### EXERCISE DESCRIPTION
Retype the data that follows exactly. No pictures belong in the copy.

BEGIN DATA SEGMENT

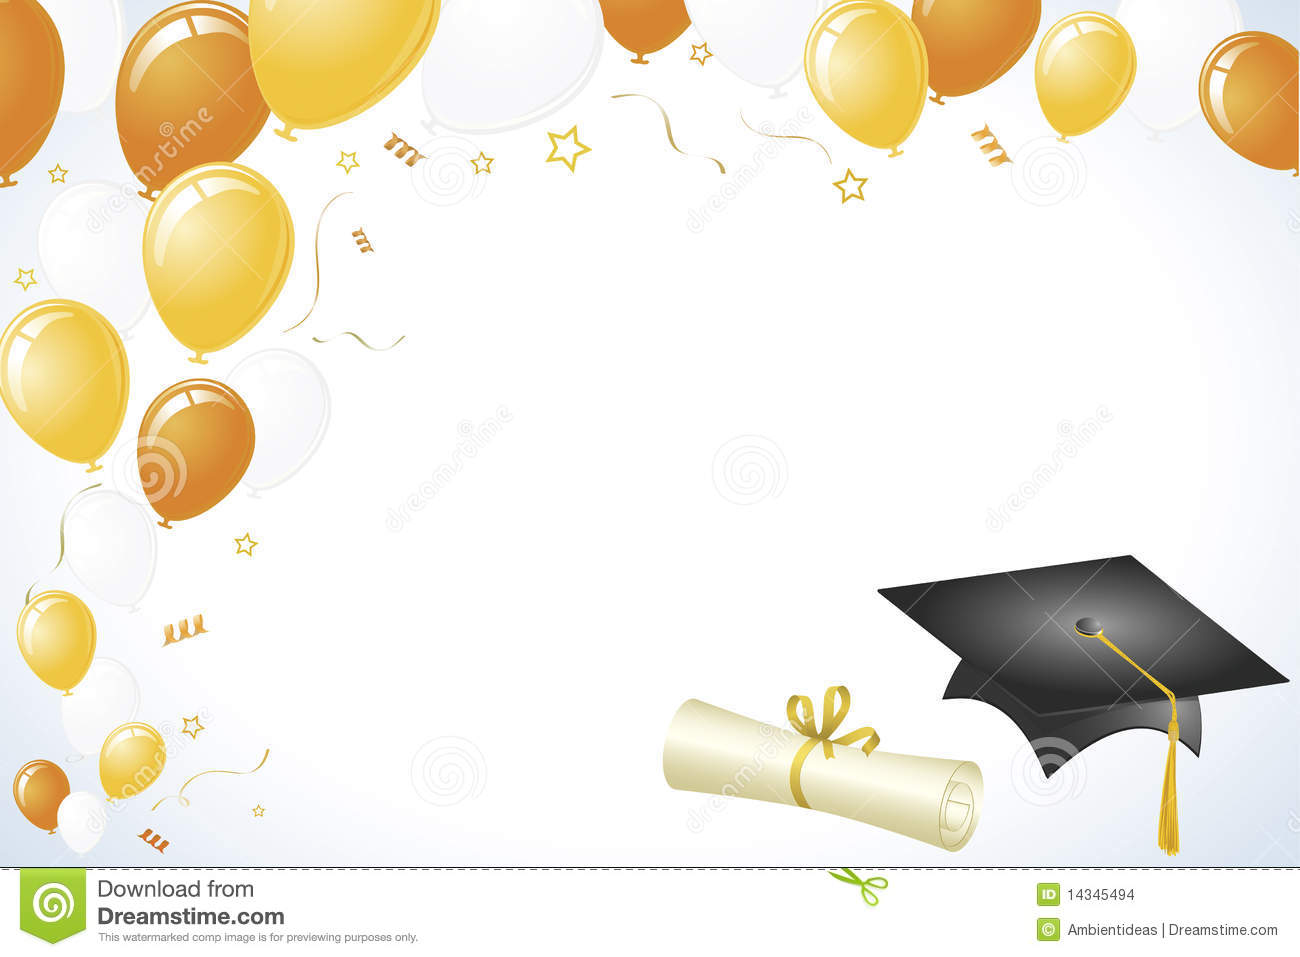 Graduation Design With Gold And Yellow Balloons Stock Images   Image
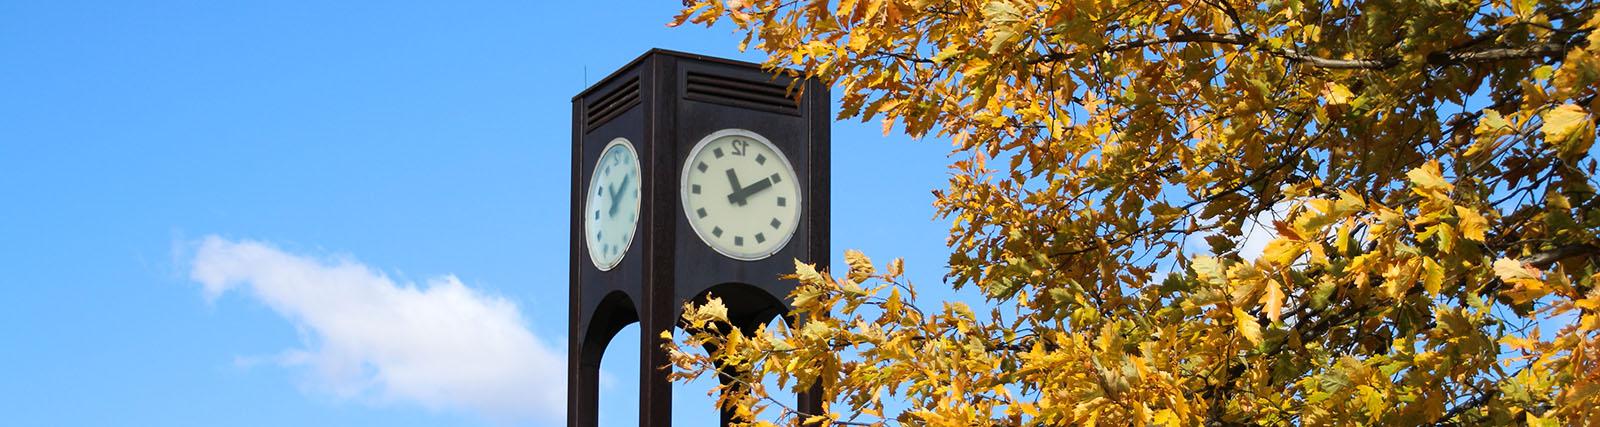 the clock tower as seen through golden fall leaves
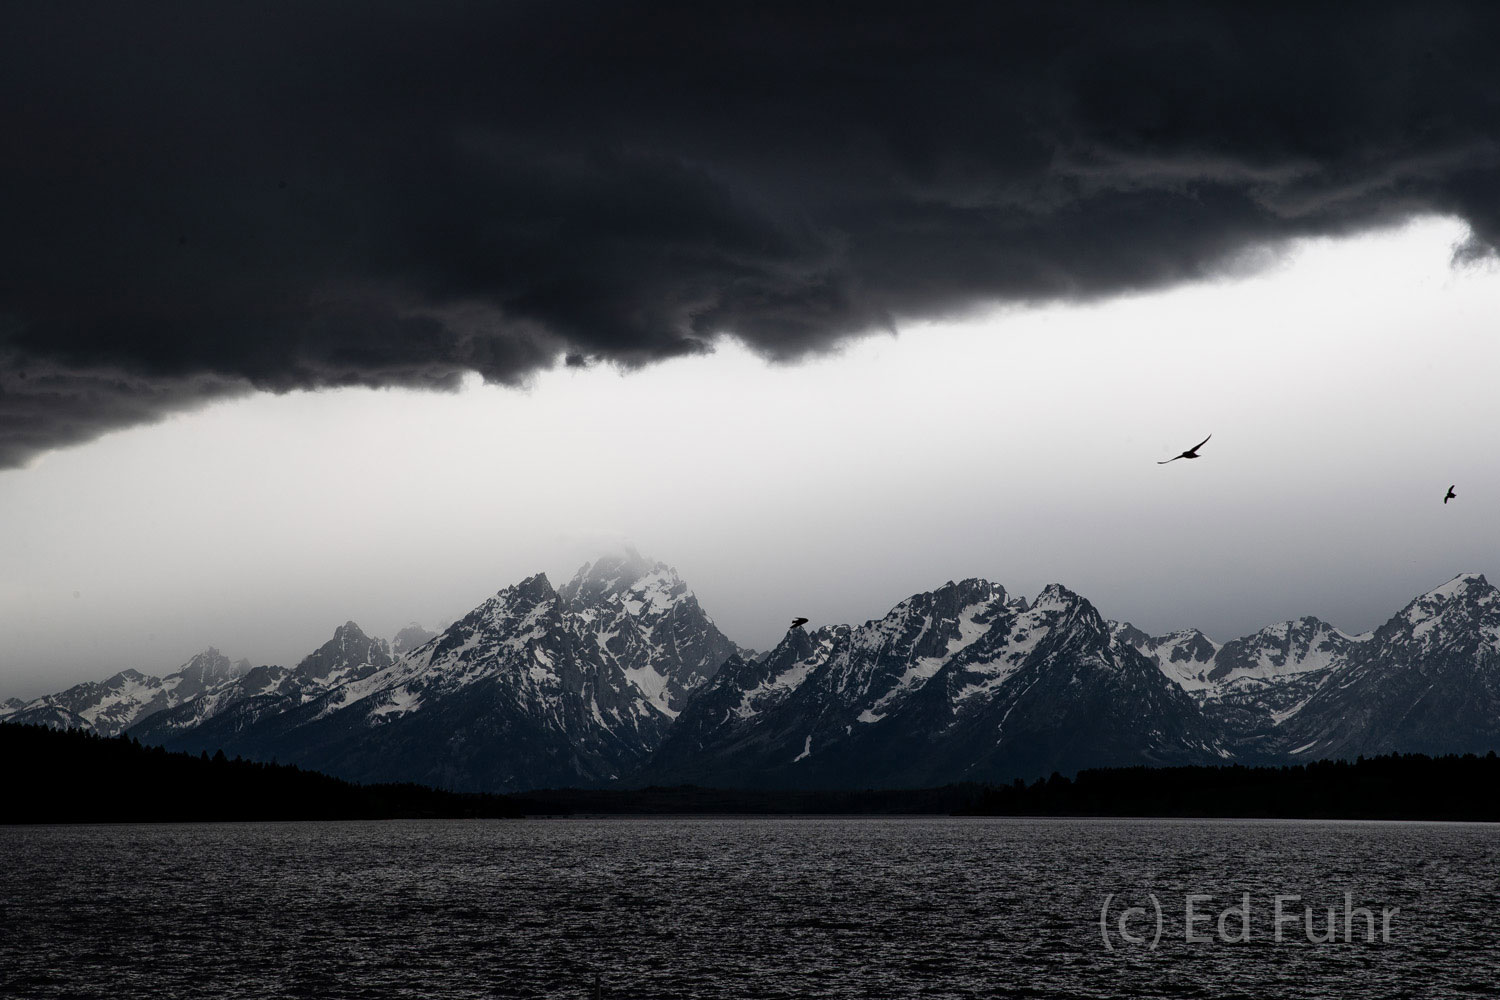 The high peaks of the Teton range can trigger powerful thunderstorms, especially in summer.
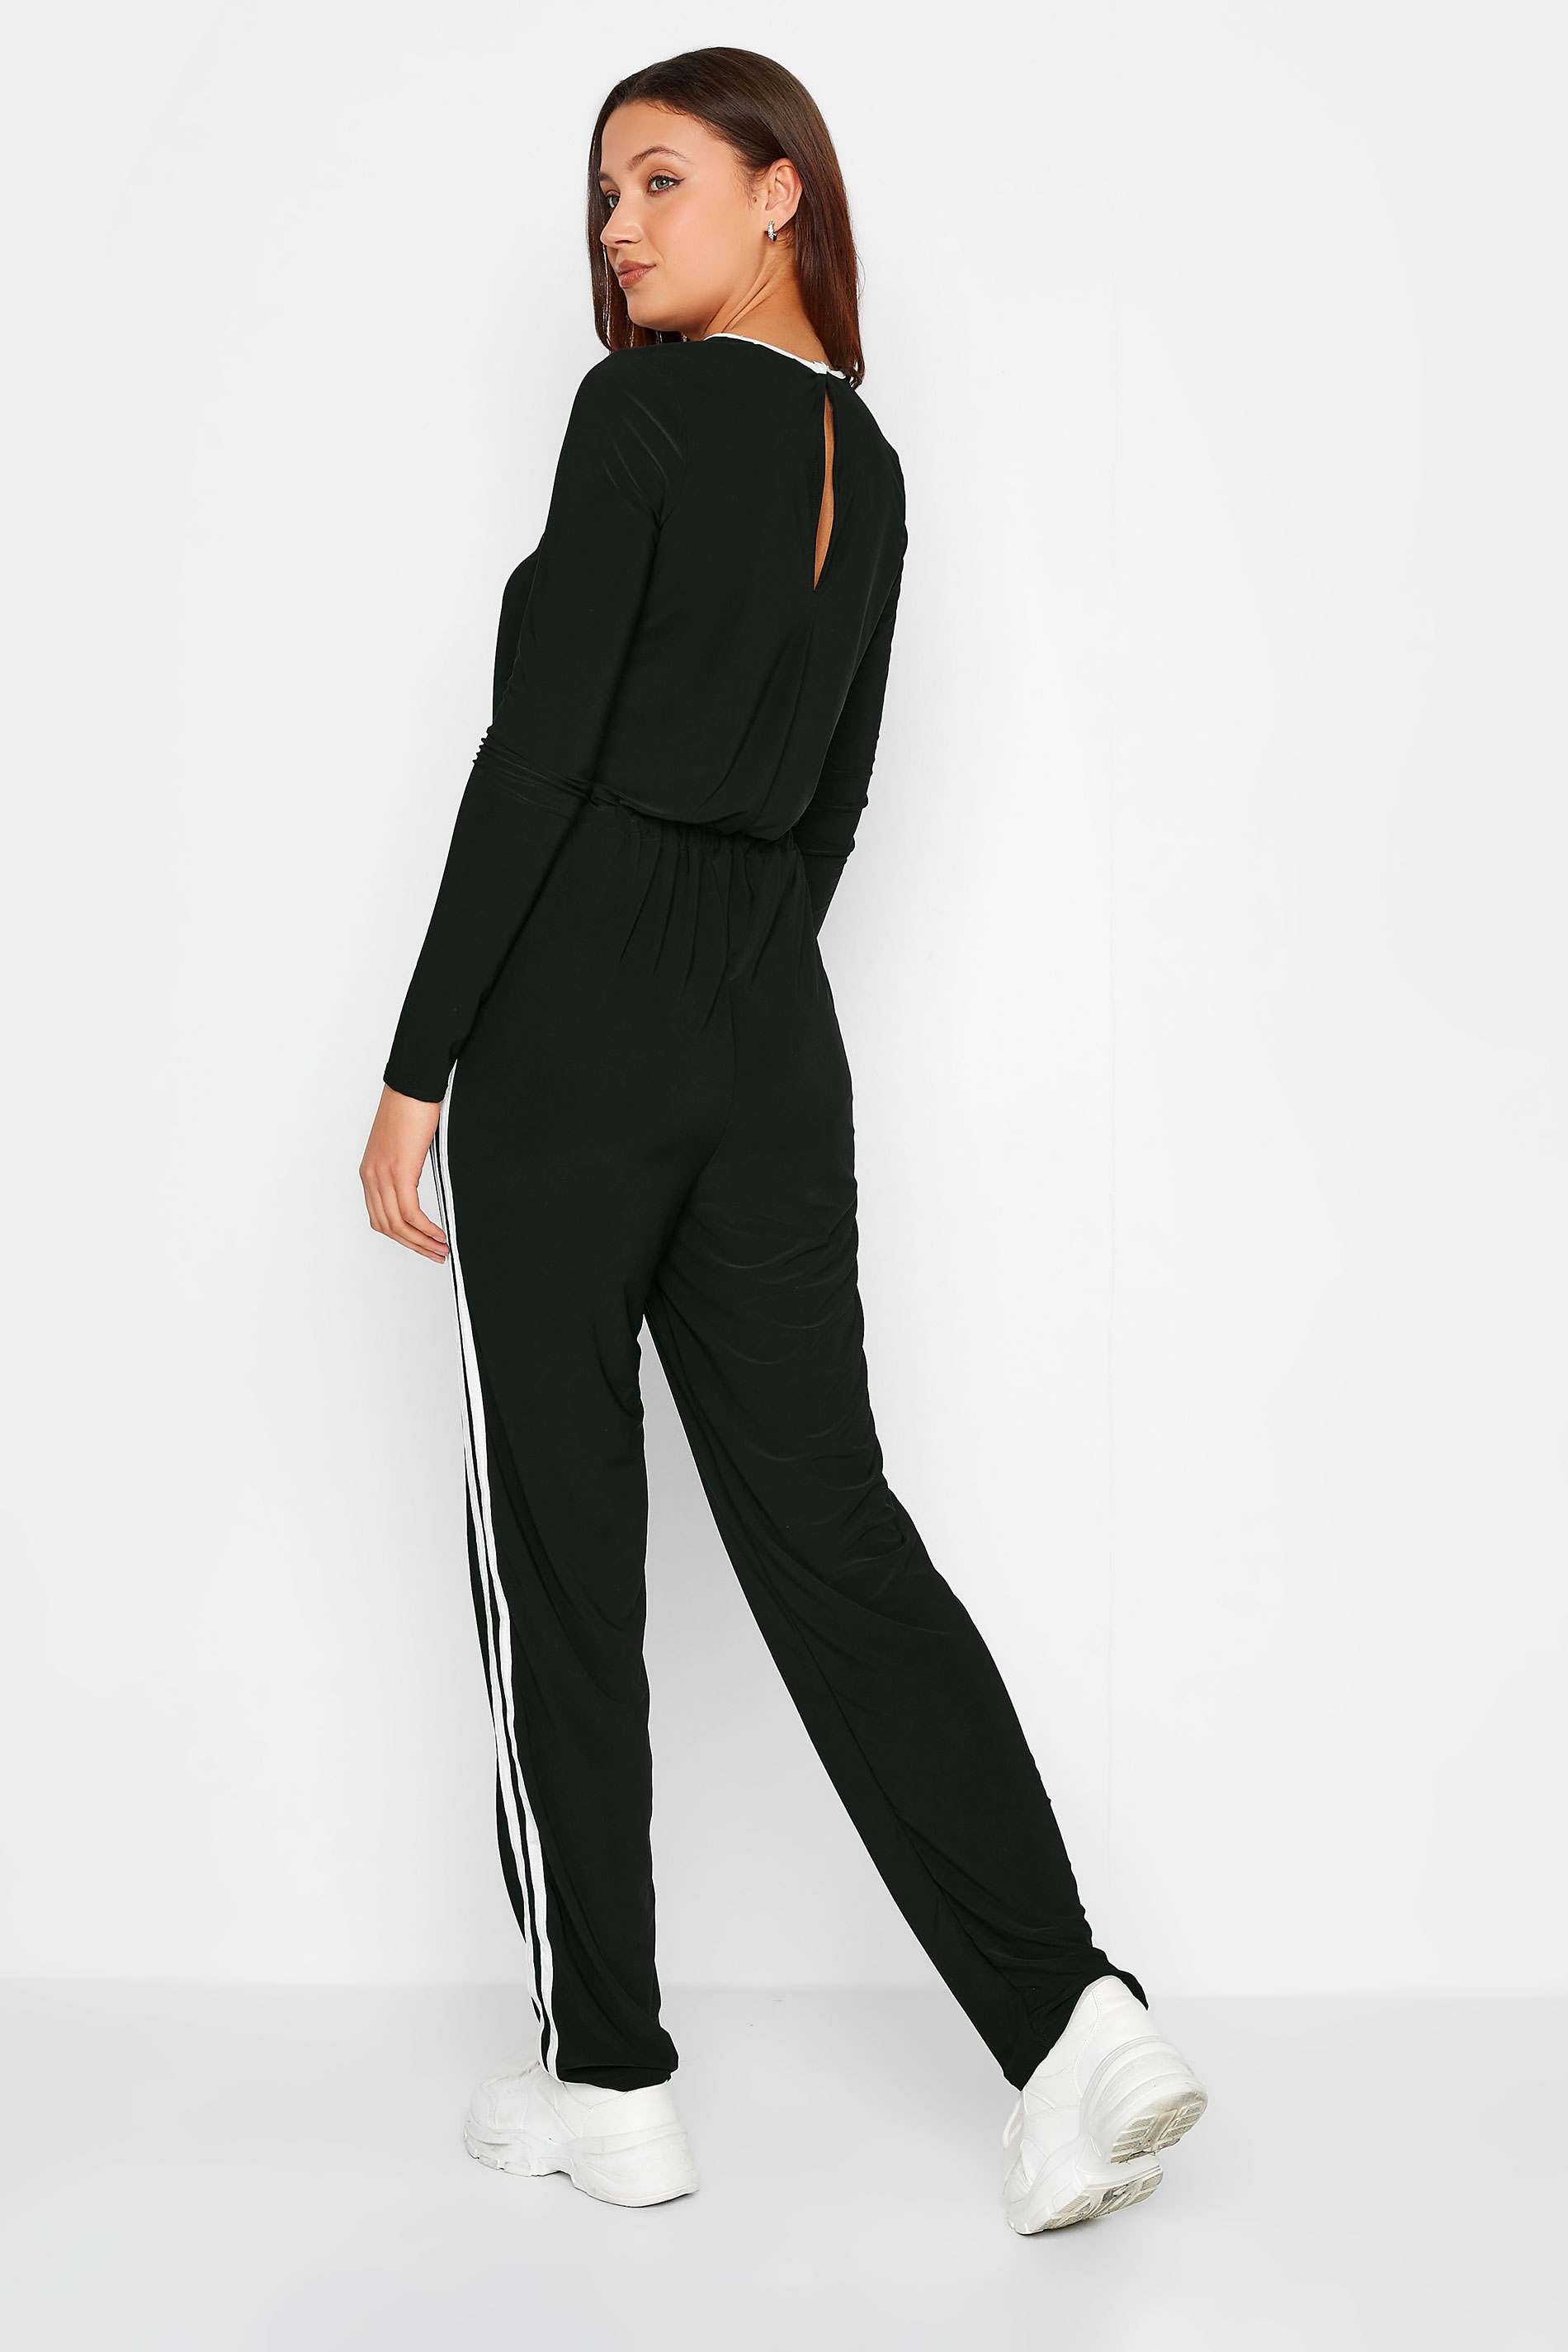 LTS Tall Women's Black Side Stripe Jumpsuit | Yours Clothing 3

END DATA SEGMENT

### TASK RESULT
 Graduation Design With Gold And Yellow Balloons Stock Images   Image
 the clock tower as seen through golden fall leaves
 The high peaks of the Teton range can trigger powerful thunderstorms, especially in summer.
 LTS Tall Women's Black Side Stripe Jumpsuit | Yours Clothing 3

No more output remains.